In this paper we use a larger sample of X-ray-selected AGNs with Lbol ∼ 1045.3 erg s−1, based on Chandra and XMM-Newton data in the COSMOS field, at 2.2 < z  < 6.8. The purpose is to measure the clustering amplitude and the typical hosting halo mass of moderate luminosity AGNs at z ∼ 3. Additionally, we focus on the measurements of the large-scale bias of Type 1 and Type 2 COSMOS AGNs at z ⩾ 2.2. This redshift range has never been explored before for the clustering of moderate luminosity obscured and unobscured sources. Throughout the paper, all distances are measured in comoving coordinates and are given in units of Mpc h−1, where h = H0/100 km s−1. We use a ΛCDM cosmology with ΩM = 0.3, ΩΛ = 0.7, Ωb = 0.045, σ8 = 0.8. The symbol log signifies a base-10 logarithm.

2. AGNS CATALOG

The Cosmic Evolution Survey (COSMOS; Scoville et al. 2007) is a panchromatic photometric and spectroscopic survey of 2 deg2 of the equatorial sky, observed by the most advanced astronomical facilities, with imaging data from X-ray to radio. The inner part of the COSMOS field (∼0.92 deg2) has been imaged for a total of 1.8 Ms by Chandra, while XMM-Newton surveyed 2.13 deg2, for a total of ∼1.55 Ms. Large samples of point-like X-ray sources detected in the 0.5–10 keV energy band are presented in the Chandra-COSMOS (C-COSMOS) point-like source catalog (1761 objects; Elvis et al. 2009; Civano et al. 2012) and in the XMM-COSMOS multiwavelength catalog (1822 objects; Cappelluti et al. 2009; Brusa et al. 2010). Of the 1822 XMM-COSMOS sources, 945 have been detected by Chandra. Extensive spectroscopic campaigns have been carried out in the field, providing a total of 890 and 1069 unique, good quality spectroscopic redshifts (spec-z) for XMM-COSMOS and C-COSMOS sources, respectively. In addition, photometric redshifts (phot-z) for all the XMM-COSMOS sources and for ∼96% of the C-COSMOS sources have been obtained by exploiting the COSMOS multiwavelength database and are presented in Salvato et al. (2009, 2011).

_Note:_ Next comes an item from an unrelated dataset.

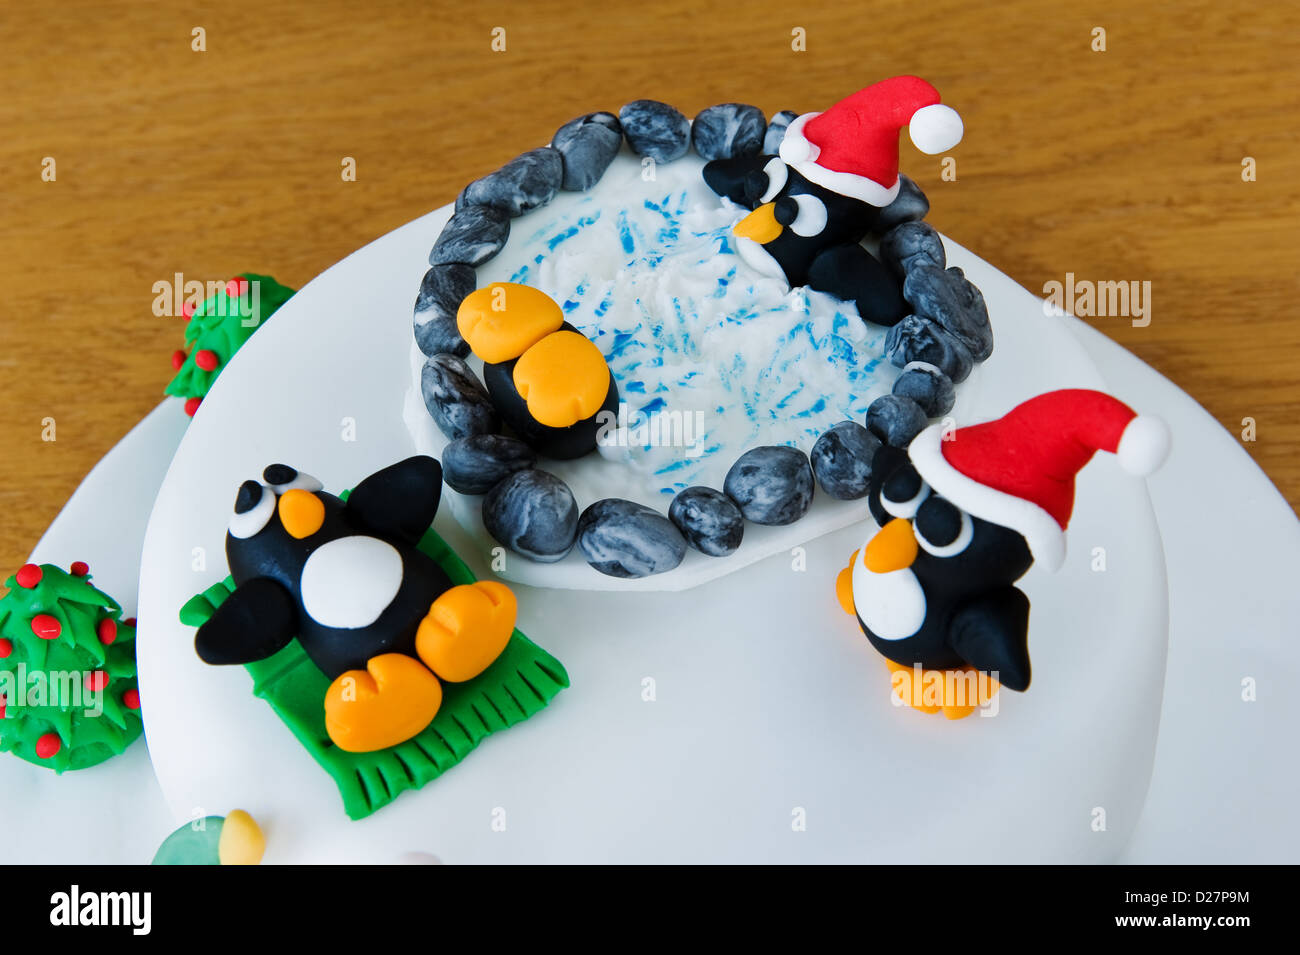 Novità la torta di Natale, decorata con divertenti pinguini e pupazzi di neve. Foto Stock
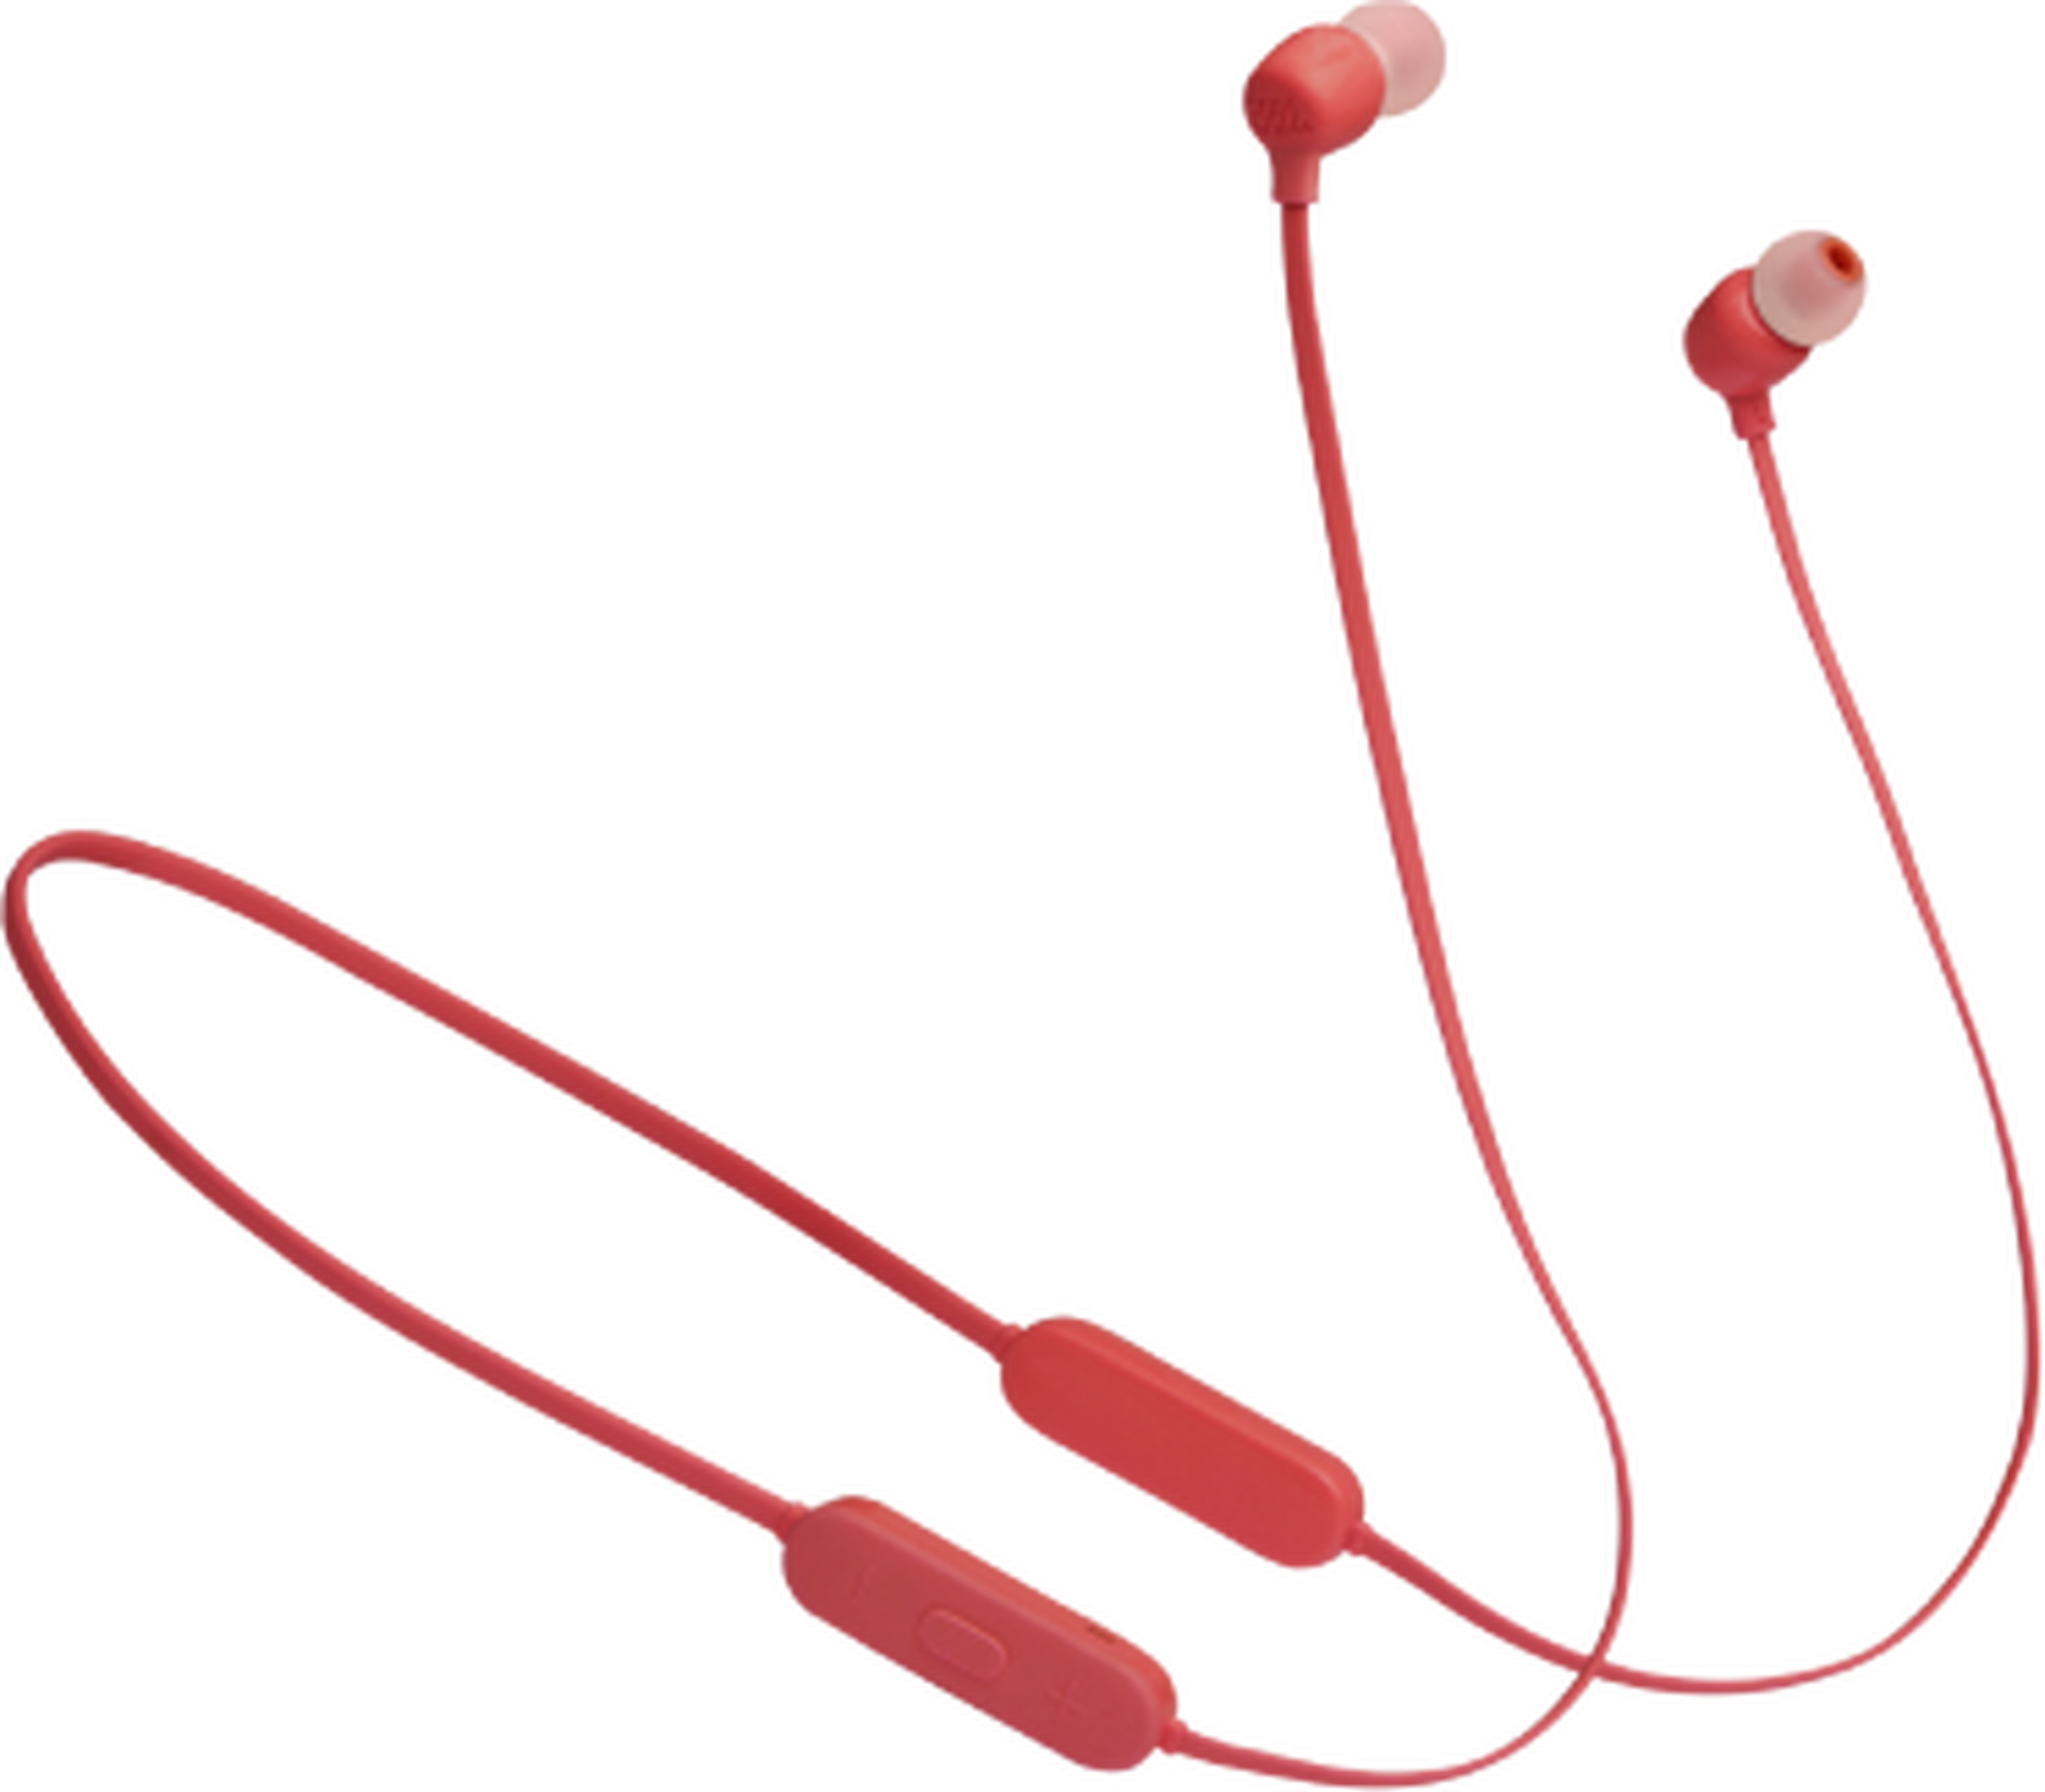 سماعة الاذن اللاسلكية من جي بي ال (JBL TUNE125BT) - أحمر

The prime interest of this paper is to investigate the clustering properties of X-ray AGNs at z ∼ 3. To this end, we use the catalog of C-COSMOS sources and we limit to a sample of 252 AGNs detected in the soft band, with phot or spec-z ⩾ 2.2, when available. In addition, we include in the analysis 94 AGNs with spec or phot-z ≳ 2.2, which are outside the inner region observed by Chandra and then detected only by XMM. Then the final sample includes a total of 346 COSMOS AGNs.

The spectroscopic or photometric classification is available for each AGN on the basis of a combined X-ray and optical classification if spectra are available, or by the type of template that best fits the photometry of the source. We classify as Type 1 those sources with at least one broad (FWHM > 2000 km s−1) emission line in their spectra or fitted with the template of an unobscured AGNs. On the contrary, Type 2 AGNs are defined as sources showing narrow emission lines or absorption lines only, or well fitted by an obscured AGN template. More details on this classification method are presented in Brusa et al. (2010) and Civano et al. (2012). Following the criteria described above, 189/346 and 157/346 COSMOS AGNs have been classified as Type 1 and Type 2, respectively.

The intrinsic 2–10 keV rest-frame luminosity, corrected for absorption, is known for all the XMM-COSMOS sources from the X-ray spectral analysis as described in Mainieri et al. (2007) and Lanzuisi et al. (2013). Unfortunately, for C-COSMOS AGNs the X-ray spectral analysis can be performed for only a few bright sources. However, at z  > 2, the hardness ratio is a good measure of the presence of high column densities and absorption. For this reason, we use the hardness ratios known for all the C-COSMOS sources to derive the absorption column density and then the de-absorbed X-ray luminosities. In detail, for each C-COSMOS AGN, we derive the rest frame luminosity from the soft flux, assuming a power-law model with Γ = 1.8. The Galactic absorption is set to NH, Gal = 2.6 × 1020 cm−2, i.e., the value in the direction of the COSMOS field (Kalberla et al. 2005). The rest frame luminosity is then corrected for the intrinsic absorption using the hardness ratio.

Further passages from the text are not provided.